The European Union is borrowing €90 billion through joint debt backed by taxpayer guarantees to fund Ukraine's war effort through 2027, as Hungary's new government stops blocking disbursement.

Staff Writer
European Council summit showing Viktor Orbán (Prime Minister, Hungary) alongside Giorgia Meloni (Prime Minister, Italy) at a June 2024 meeting / CC-BY-4.0: © European Commission
European Council summit showing Viktor Orbán (Prime Minister, Hungary) alongside Giorgia Meloni (Prime Minister, Italy) at a June 2024 meeting / CC-BY-4.0: © European Commission

European taxpayers are on the hook for €90 billion. The European Union is borrowing the money through joint EU debt and backing it with taxpayer guarantees to fund Ukraine's military operations and budget through 2027—two years into a conflict where elections remain suspended and the president's term expired in 2024.

Hungary's incoming Prime Minister Péter Magyar signaled April 13 he will not block the loan after his April 12 landslide election victory ended Viktor Orbán's 16-year rule. Magyar told Politico "the decision was already made in December" at the European Council summit where the package was initially approved. Disbursement is expected in the second quarter of 2026.

The €90 billion package splits €60 billion for defense procurement and €30 billion for budget support, financed through joint EU debt on capital markets. European taxpayers will cover debt service costs estimated at €1 billion for 2027 and €3 billion annually from 2028, according to European Parliament documents.

Ukraine only repays the loan after receiving Russian war reparations—an uncertain condition that makes the package functionally a grant. Russia has shown no indication it will pay reparations, meaning European taxpayers may bear the full cost of a war that shows no military breakthrough after four years.

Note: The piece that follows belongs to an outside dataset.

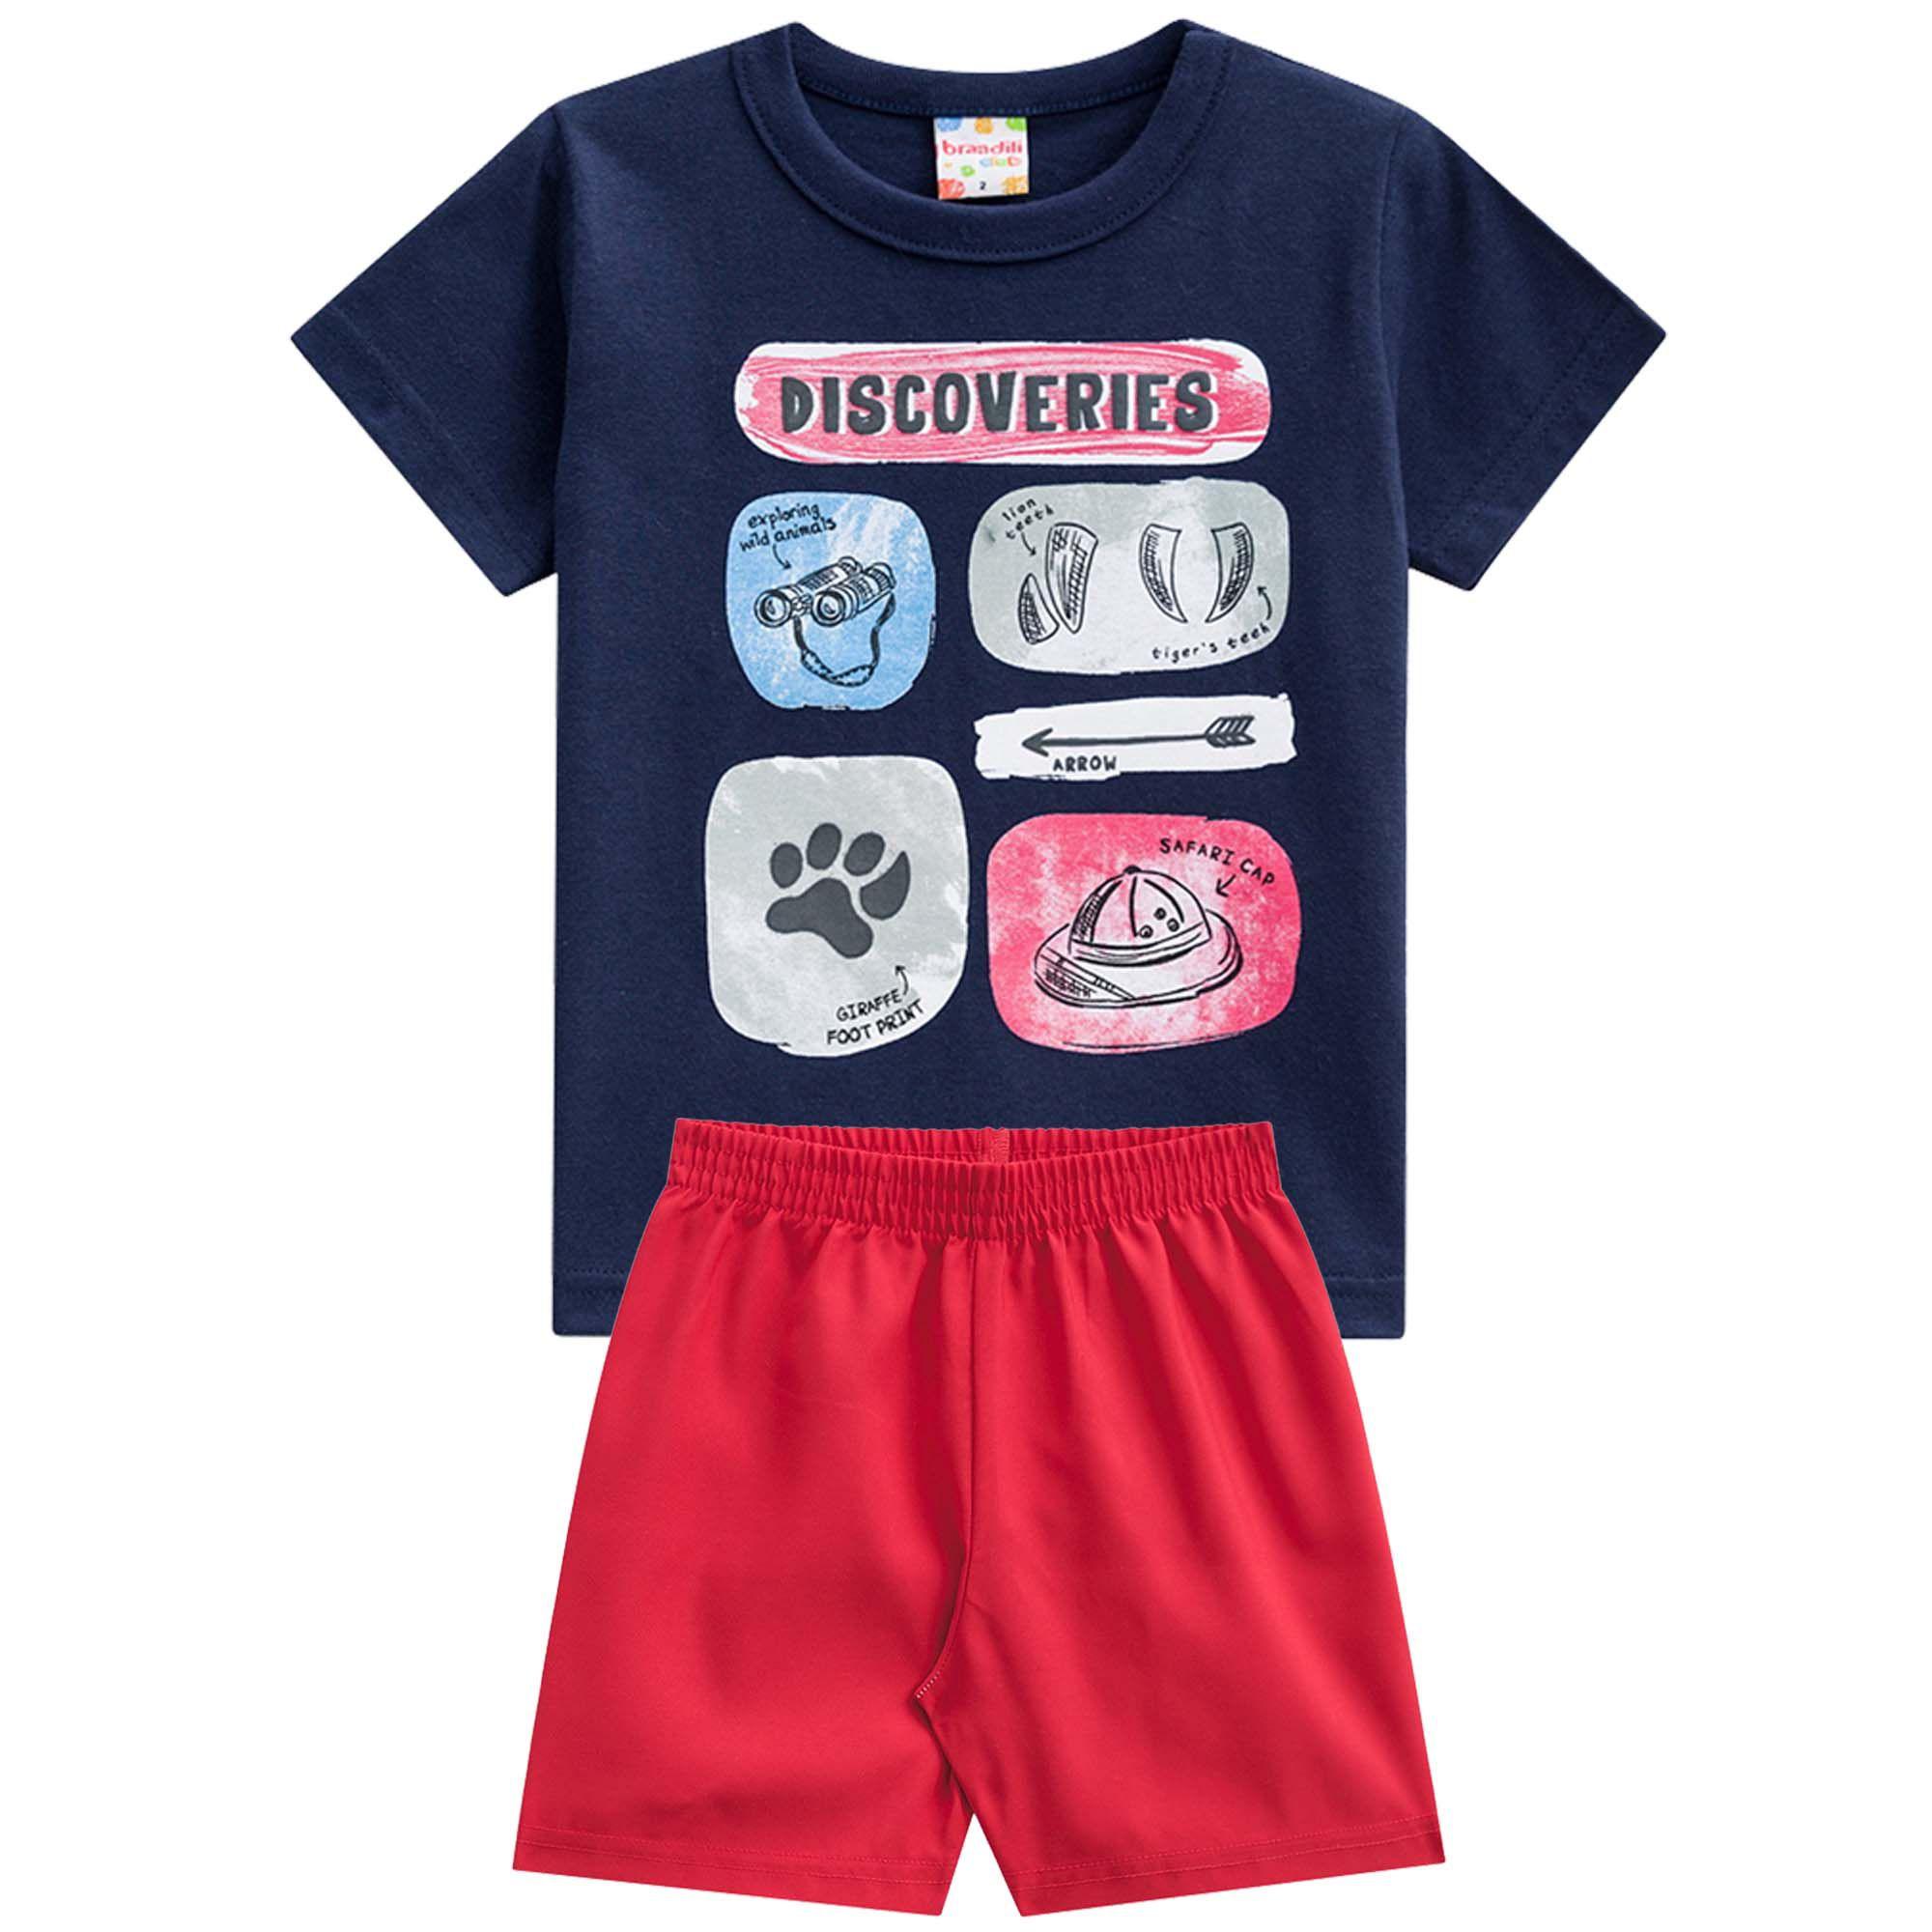 Conjunto Verão Brandili Camiseta Club Discoveries com Bermuda Moletinho - 4 ao 10

Ukraine has not held elections since 2019 due to martial law. President Volodymyr Zelenskyy's five-year term expired in 2024, but he has deferred elections until "security guarantees" are in place. "First comes security, then politics," Zelenskyy told Euronews in February. Russia has questioned his continued rule as a pretext to extend power without democratic mandate.

Orbán initially approved the loan in December 2025, then blocked it for four months citing Druzhba pipeline repairs with Ukraine. His March 2026 veto prompted German Chancellor Friedrich Merz to describe it as "a gross act of disloyalty." Magyar's government will not block the loan but maintains Hungary's financial opt-out, stating "Hungary is in a very difficult financial situation... We cannot take on more loans."

The International Monetary Fund projects Ukraine faces a €130-135 billion funding gap for 2026-27. The EU loan covers two-thirds, with the remaining third expected from IMF and other international donors. Without the EU funds, Ukraine would have run out of money to finance the war by spring 2026, according to European Council on Foreign Relations analysis.

The loan uses "enhanced cooperation" among 24 member states—Hungary, Czechia and Slovakia opted out—representing a major step toward Eurobonds. Germany, which long opposed common EU debt, agreed to the mechanism, marking a policy reversal that centralizes Brussels' financial power while bypassing member state vetoes.

Analysts at ZeroHedge argue the EU is perpetuating the conflict until 2029, hoping Democrats regain control of the White House and resume Biden-era interventionist policy.

European taxpayers will service debt estimated at more than €10 billion over the loan's life. The conflict enters its fifth year with no elections scheduled to determine Ukrainian public support for continued fighting.